I, for one, am pretty psyched about this new decade. For one thing, I’m looking forward to being able to call it “the 20s.” I have a son who was born in the year 2000. And while it’s kind of cool that he’ll never forget how old he is, because the year always equals his age—in 2021, he’ll be 21; in 2099, he’ll be 99—he can’t look back on the first two decades of his life and encapsulate either one of them in a word. I mean, I can say “I love 80s music,” but what is the equivalent phrase for music from 2010-2019? I went to elementary school in the 70s; what’s he supposed to say? “I was in middle school in the early two-tens.” Yuck.

Moving into a new decade offers us more than brevity of phrasing… It is a good excuse to take some time out to reflect on the past 10 years—the good and the bad; the things we’ve accomplished, and the dreams that remain unfulfilled… And while most people do make at least one new year’s resolution every year, what if we were to make a new DECADE’s resolution on January 1?
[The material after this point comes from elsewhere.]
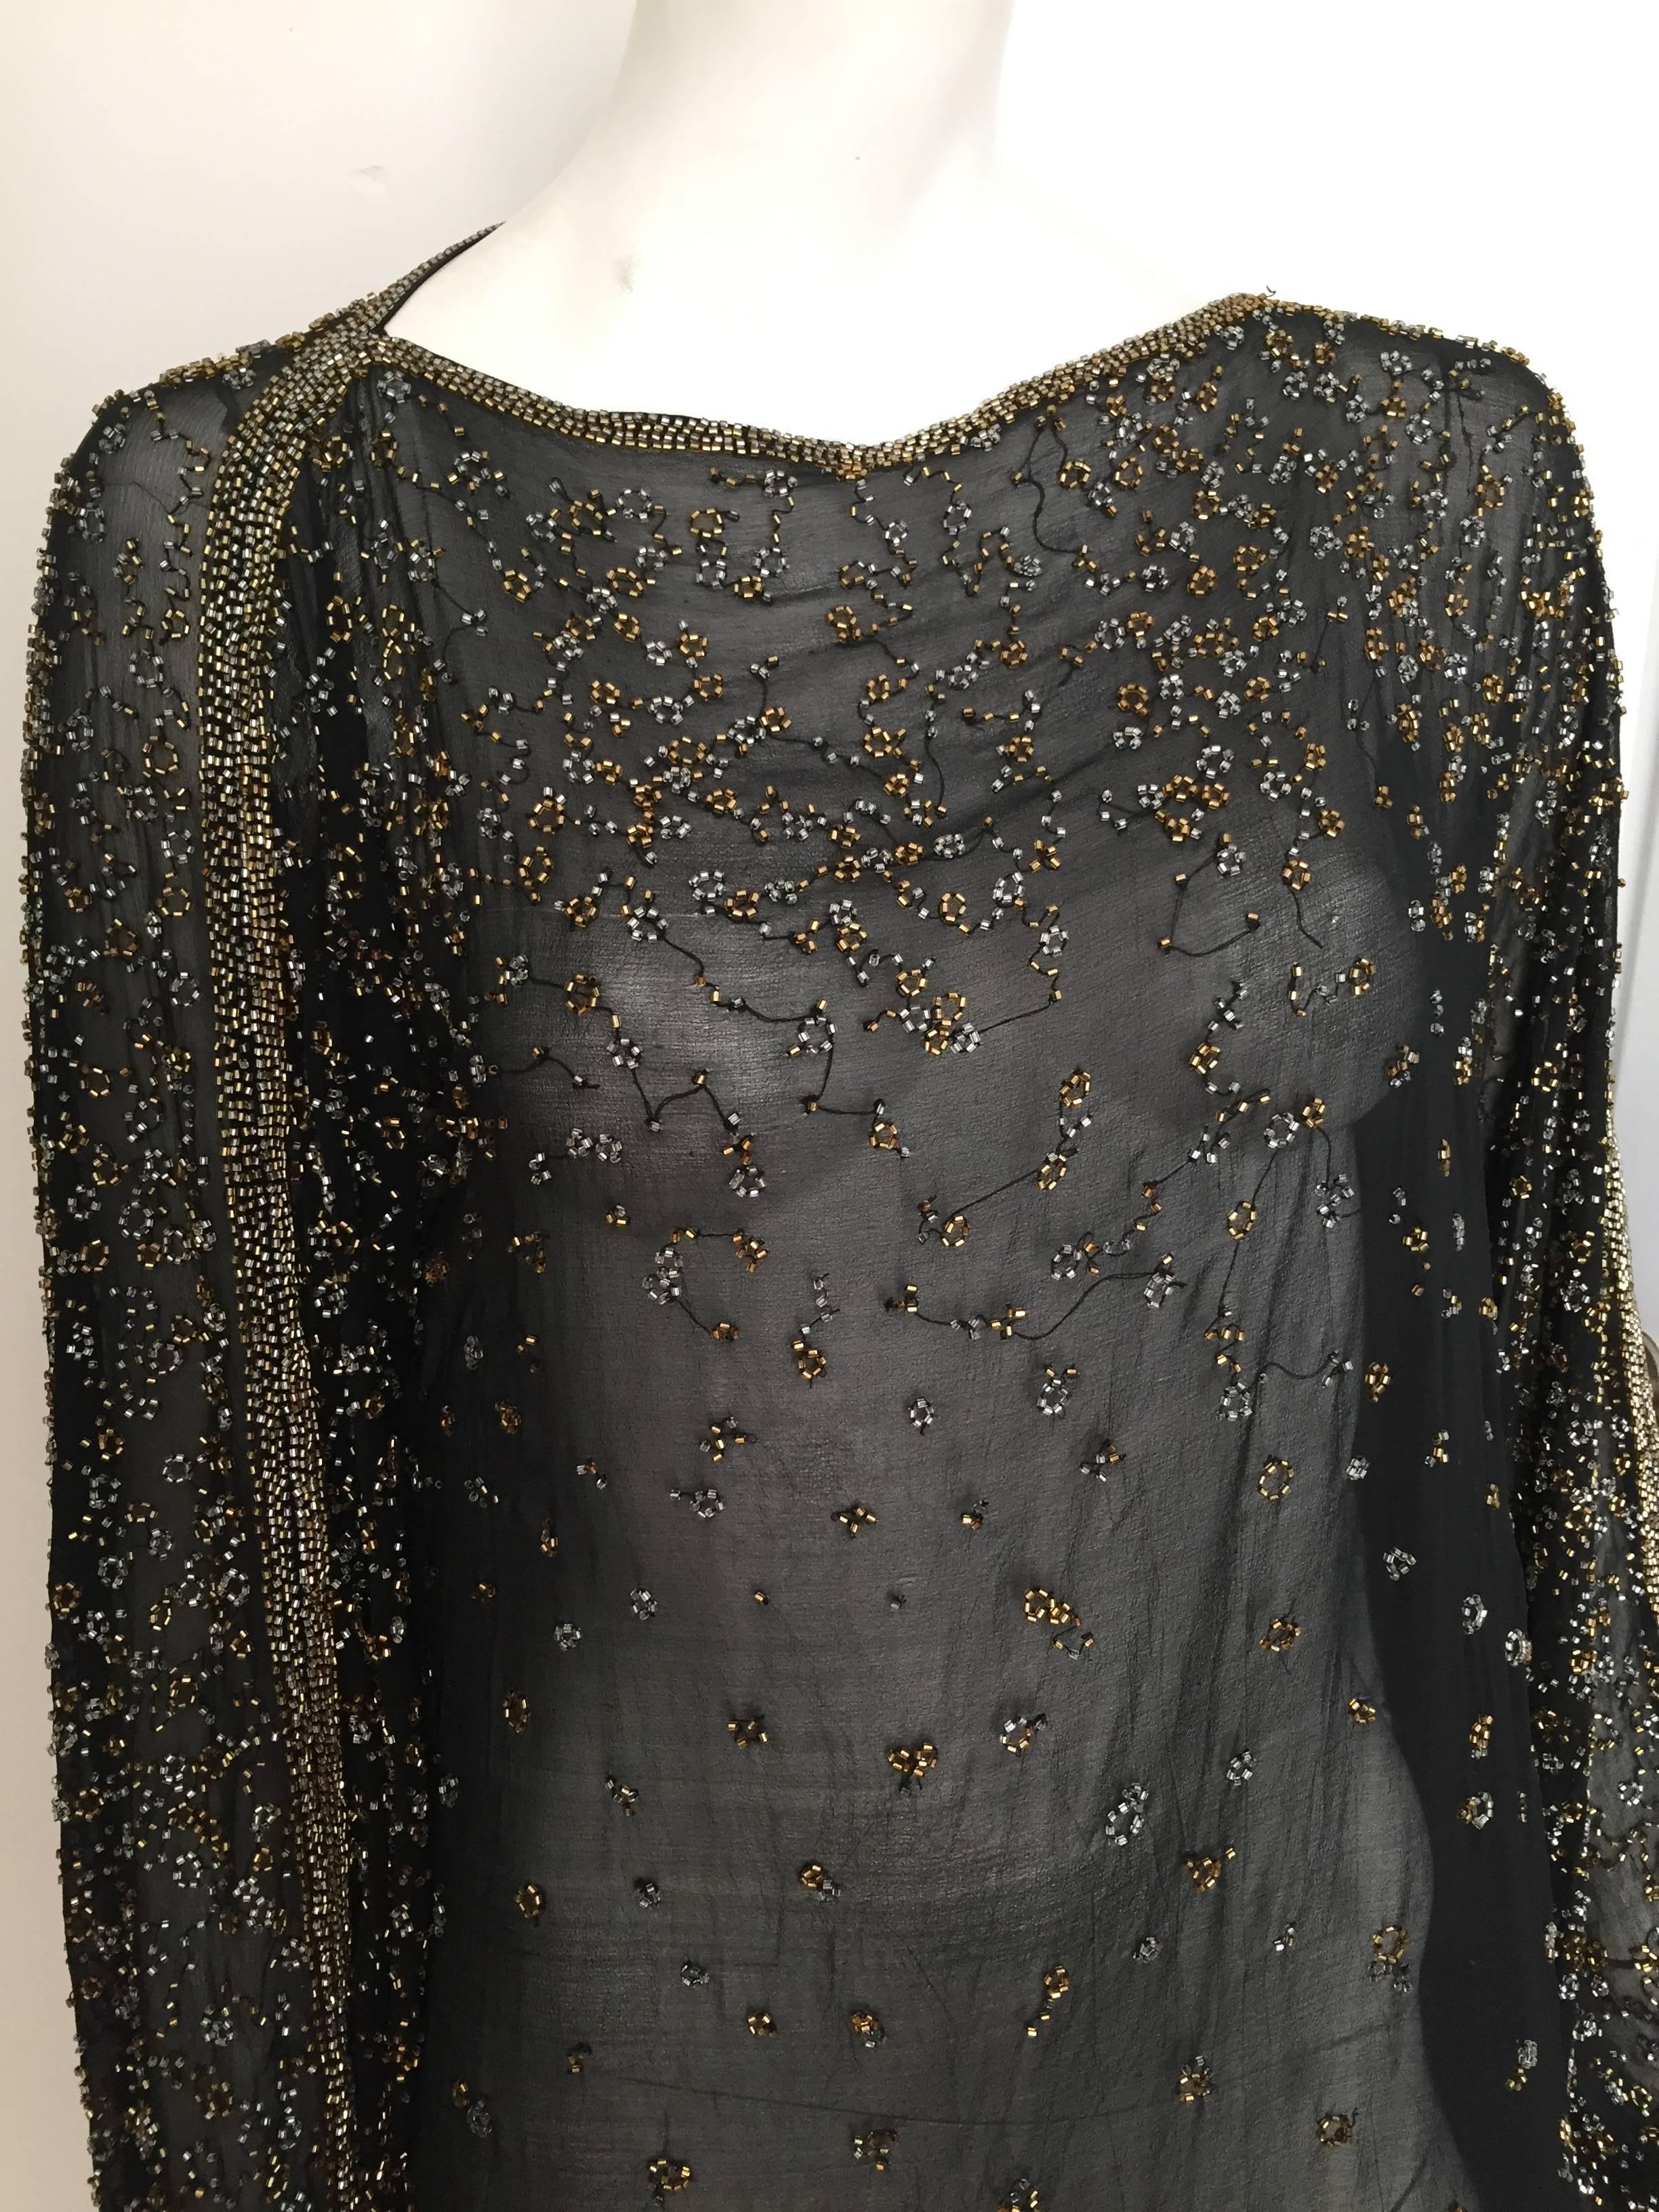 Halston 1970s black silk beaded sheer dress is a size large and will fit size 8 / 10 but please see & use measurements below so you can properly measure your body to make sure this will fit you the way Halston would be proud of. Wear a sexy black

I’m not sure yet exactly what that would look like for me, but I guess it starts with that age-old interview question: Where do you see yourself in 10 years? If it’s somewhere completely different than where you are now, the next question should be: What has to change in order for you to get there?

As I was contemplating this, I came up with a deep, “life coachy” kind of conclusion: If you set a big goal for the next decade, you can intentionally make small new year’s resolutions each year that move you closer to that goal.

So, if I’m thinking that 10 years from now I want to be working in a new career, I could resolve this year to take a course or two to start learning about a new field. If my goal is to be healthy and active in 10 years, I could resolve to start running or take up yoga this year. If my goal is to downsize to an empty-nester condo by 2020, perhaps my new year’s resolution this year would be to start purging, one room at a time.

The point is, if we want to achieve a big change, we have to move toward it with intention, one small step at a time.

Okay, I get that this is not an original idea; every motivational speaker or self-help author says some version of this at some point. So I don’t know why it took me almost 5 decades to really figure this out. But until this point, I’ve chosen my new year’s resolutions pretty haphazardly, and I’ve rarely been able to stick to them. Resolutions are hard because they involve change—and I have never been very good about embracing change. It takes me a long time to warm up to new ways of doing things.

But I think as I’m getting older, I’m getting both wiser and bolder. Looking back over the past decade, I can see clearly that I have made a lot of positive changes in my life, and most of them happened one baby step at a time. I’ve learned to recognize when something needs to change, and I’ve learned to take action rather than waiting on change to happen on its own. Now that I understand this, I’m excited to see where the 20s take me as I move toward 2030 with real intention!